Las candidaturas independientes despertaron interés inaudito en Quintana Roo desde el momento en que el Ejecutivo estatal presentó la propuesta y el Pleno de la XIII Legislatura le dio entrada en Sesión Ordinaria el 13 de noviembre de 2012, hasta cuando la Suprema Corte le otorgó validez el pasado 8 de marzo.
Sin duda es un avance gigantesco en participación ciudadana y democracia. En teoría, los participantes deben desarrollar lo contrario a las estrategias repetitivas, corruptas y sometidas de los partidos. Deben rechazar las formas tradicionales de hacer política encarando con valentía a la partidocracia, al sistema. Deben, en todo caso, ser quienes provocan simpatía y no extrañeza.
No ocurre esto en el estado. Si la condición máxima es que sea una figura pública reconocida y respetada, y en torno a él o ella se sumen multitudes, ninguno de los siete aceptados ya por el Instituto Electoral puede dormir en paz. Un ejemplo: a Luis Ortiz le cayó metralla en Chetumal; su aspiración fue calificada como broma de mal gusto y otras formas peyorativas.
Hay que decirlo: quienes buscan ahora ser “candidatos del pueblo” no son una respuesta contundente que sintetice el malestar público; no son anticorrupción; no son capaces de cambiar las condiciones de competencia, equidad y presencia de la ciudadanía durante el proceso, ni buscan conquistar a diversos sectores para incorporarlos a un sistema renovado. En definitiva, no enarbolan una demanda creciente de la sociedad que busca espacios “no contaminados” de la vida política.

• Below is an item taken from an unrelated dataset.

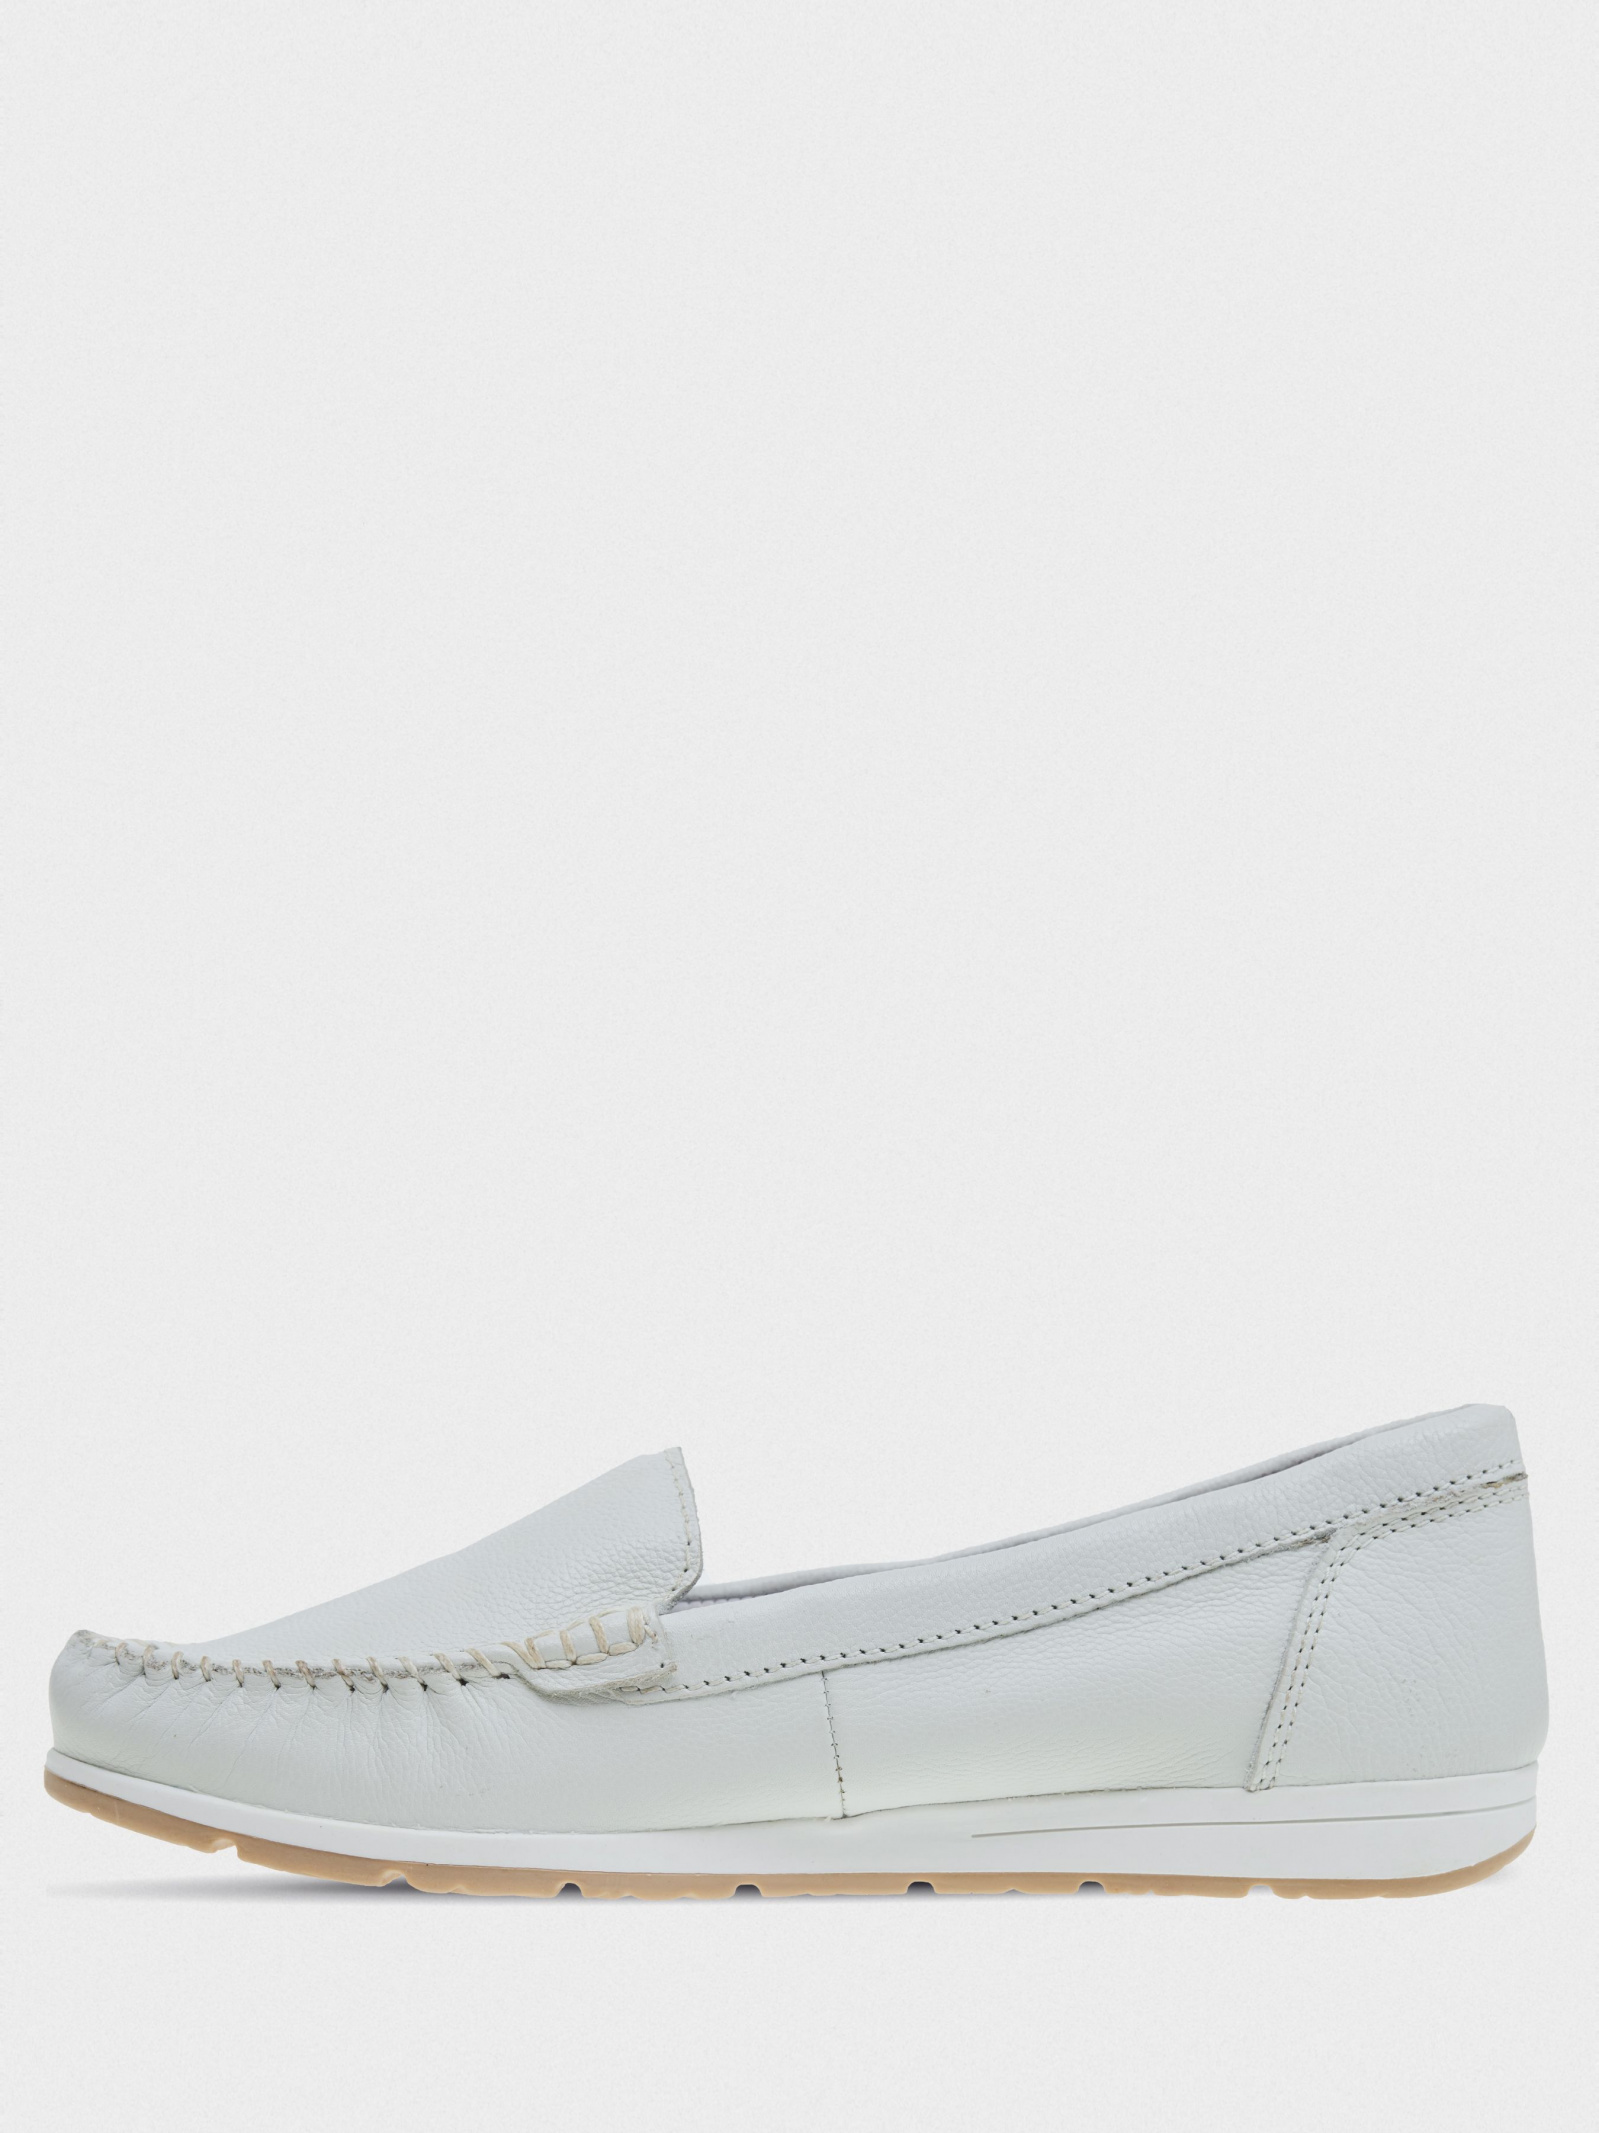 Мокасины женские Marco Tozzi 3H352 размеры обуви, 2017

Claro, ello se puede explicar por razones políticamente lógicas. Si bien la característica fundamental es que estas candidaturas son formuladas por ciudadanos, sin mediación de los partidos, la realidad evidencia lo contrario. El diseño jurídico institucional debió imponer barreras difíciles de superar; primero, para evitar la proliferación de independientes sin control; segundo, para no complicar técnicamente las campañas, y tercero, para proteger a los partidos. Esto último, no porque el esquema vigente sea el mejor instrumento, sino porque representa una dinámica financiera con privilegios ilimitados.

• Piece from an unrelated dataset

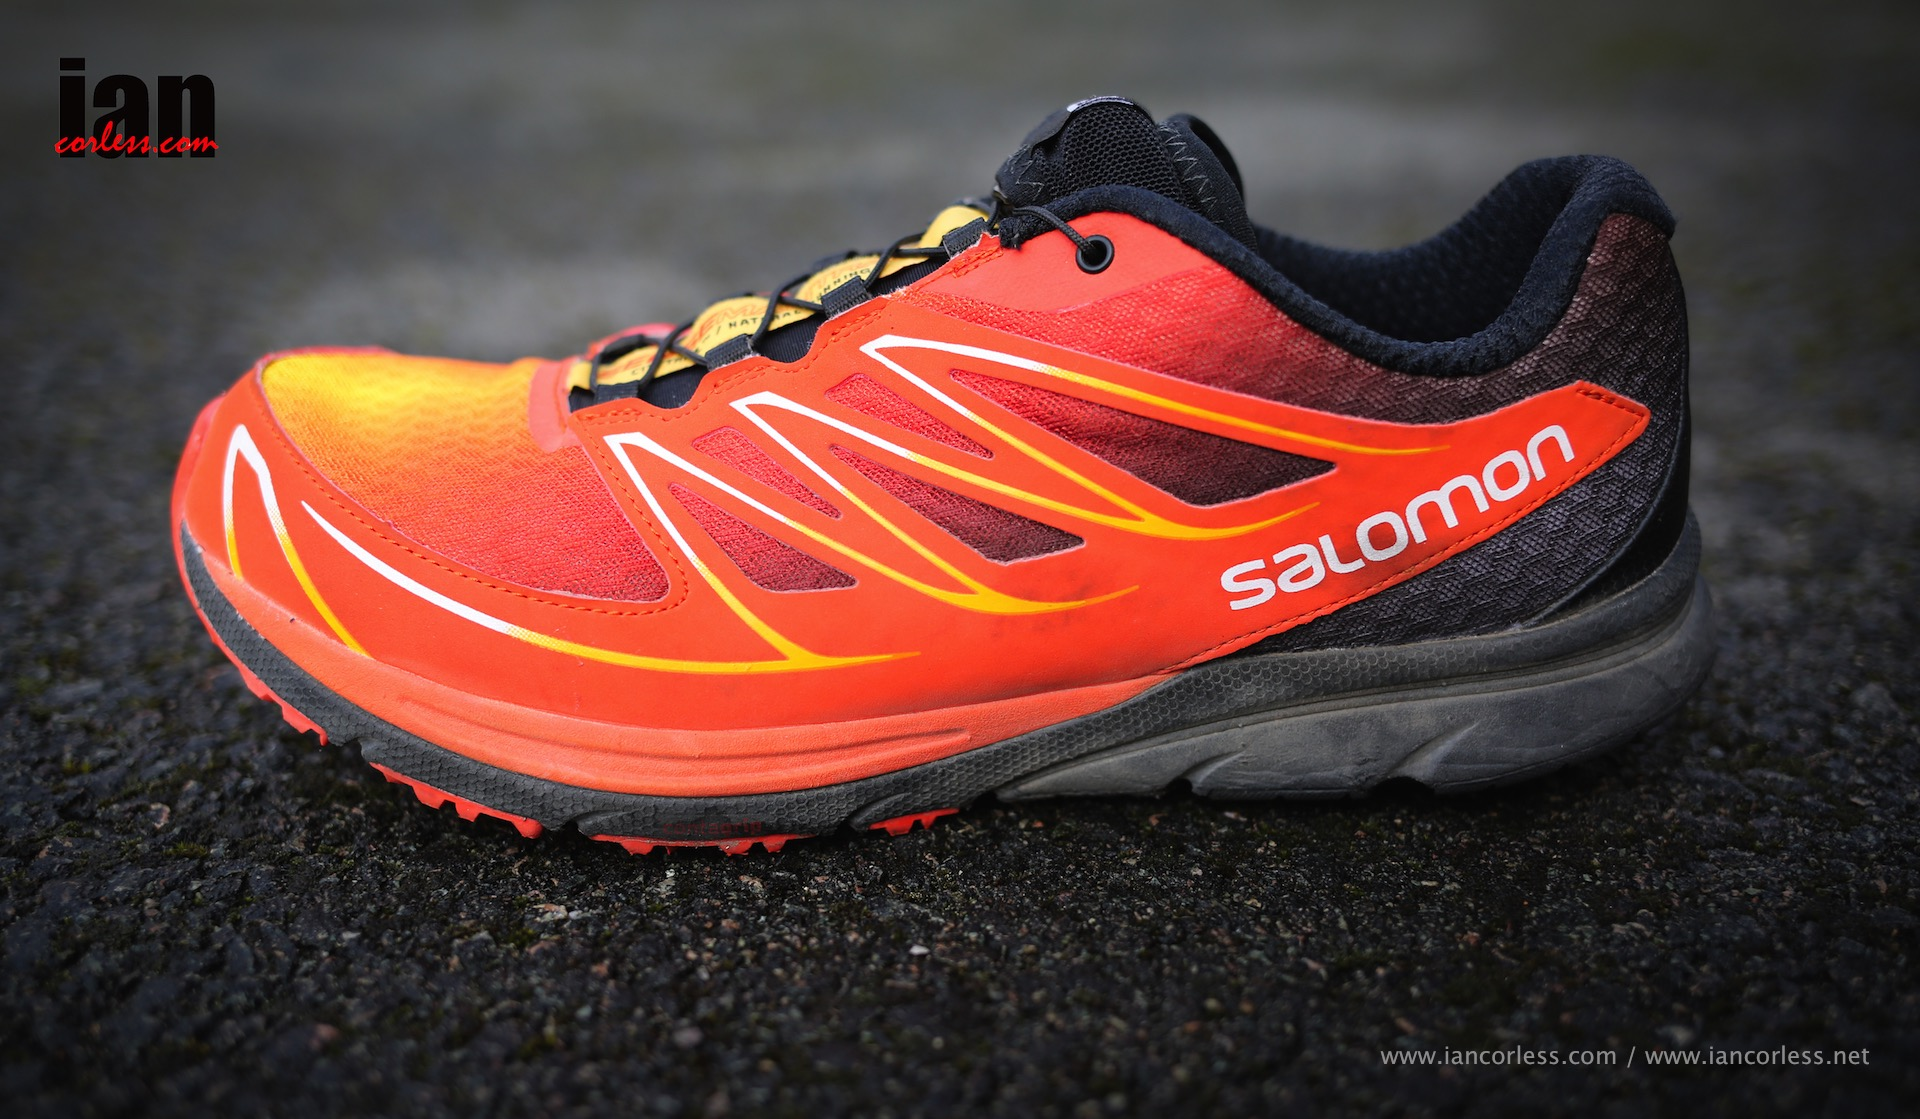 3c8c47c5b99a Salomon Sense Mantra 3 – Review

Esto también hay que decirlo: las candidaturas ciudadanas son un reclamo cada vez mayor de la sociedad, digan lo que digan sus opositores.
Los problemas, insisto, es que no hay condiciones equitativas de competencia. Aquí no.

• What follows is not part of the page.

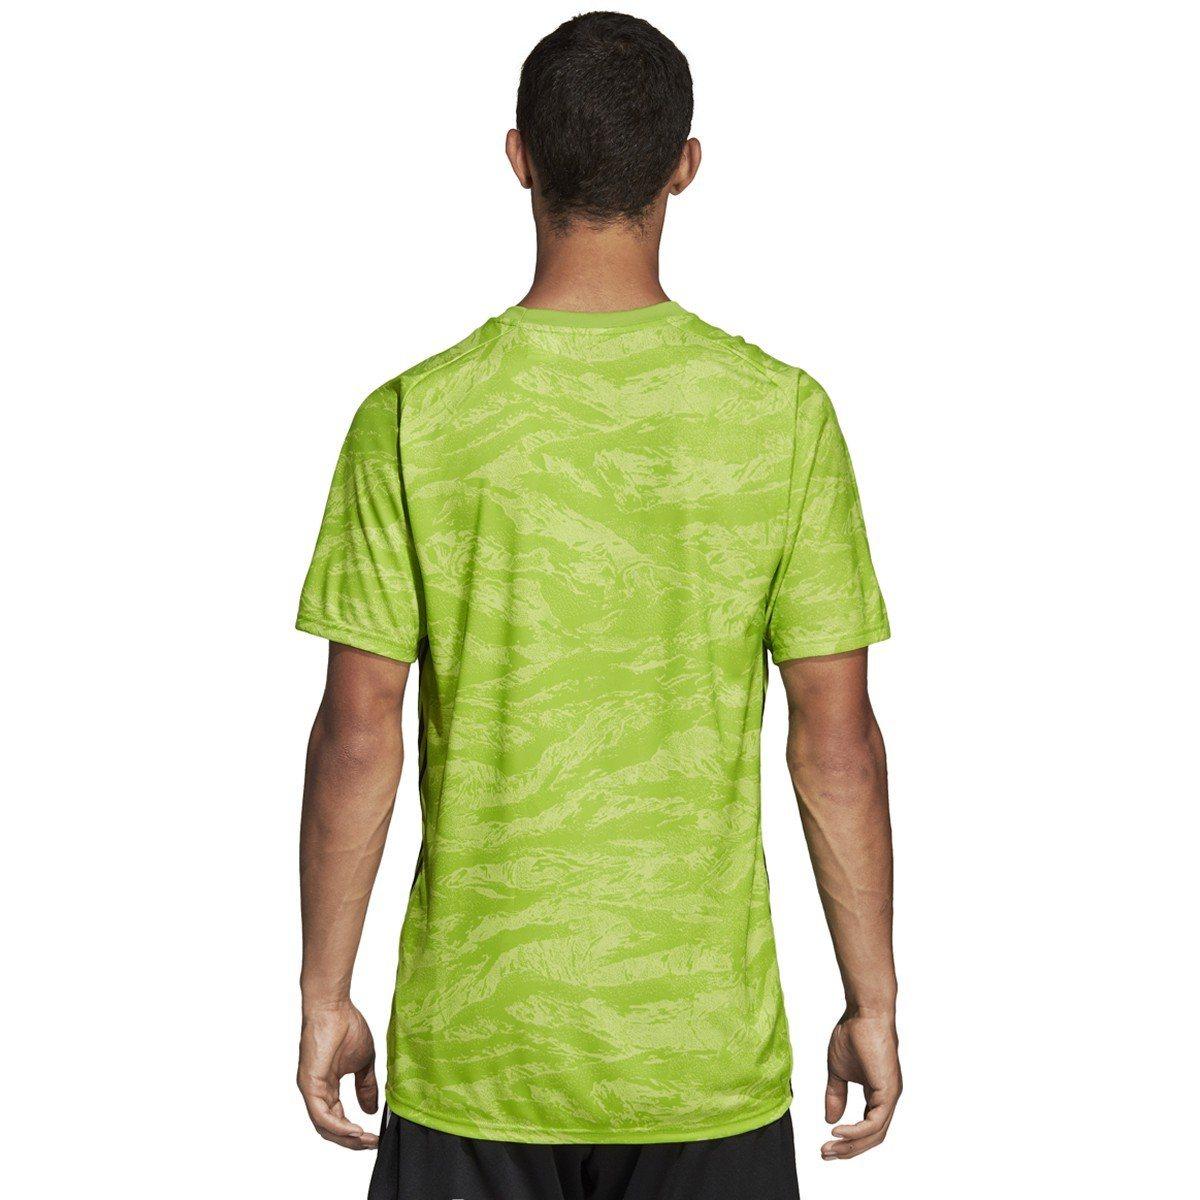 adidas Men's AdiPro 19 Goalkeeper Shortsleeve Jersey   DP3131

Suponen también ideologías confusas y por tanto fugaces, lo cual obliga a este cuestionamiento: si ganan, ¿cómo se institucionalizan?
Generan además desconfianza por la procedencia de sus recursos económicos: puede ser sostenido por personajes con intereses oscuros, lo cual dificulta su regulación y posible castigo.
Pero lo más criticable en el escenario actual es que podrían caer en el chantaje y la simulación; es decir, empeñarse en buscar un “hueso” y nada más. Como sus alianzas son más pragmáticas, podrían jugar a modo por un candidato o una alianza.
De antemano queda claro que la independencia total no existe. Entonces, ¿a quién beneficiarán?
DESORBITADO…
Una de las prerrogativas de los candidatos independientes es que podrán tener acceso igualitario, parejo, a los tiempos de radio y televisión. ¿Imaginan eso? Yo tampoco.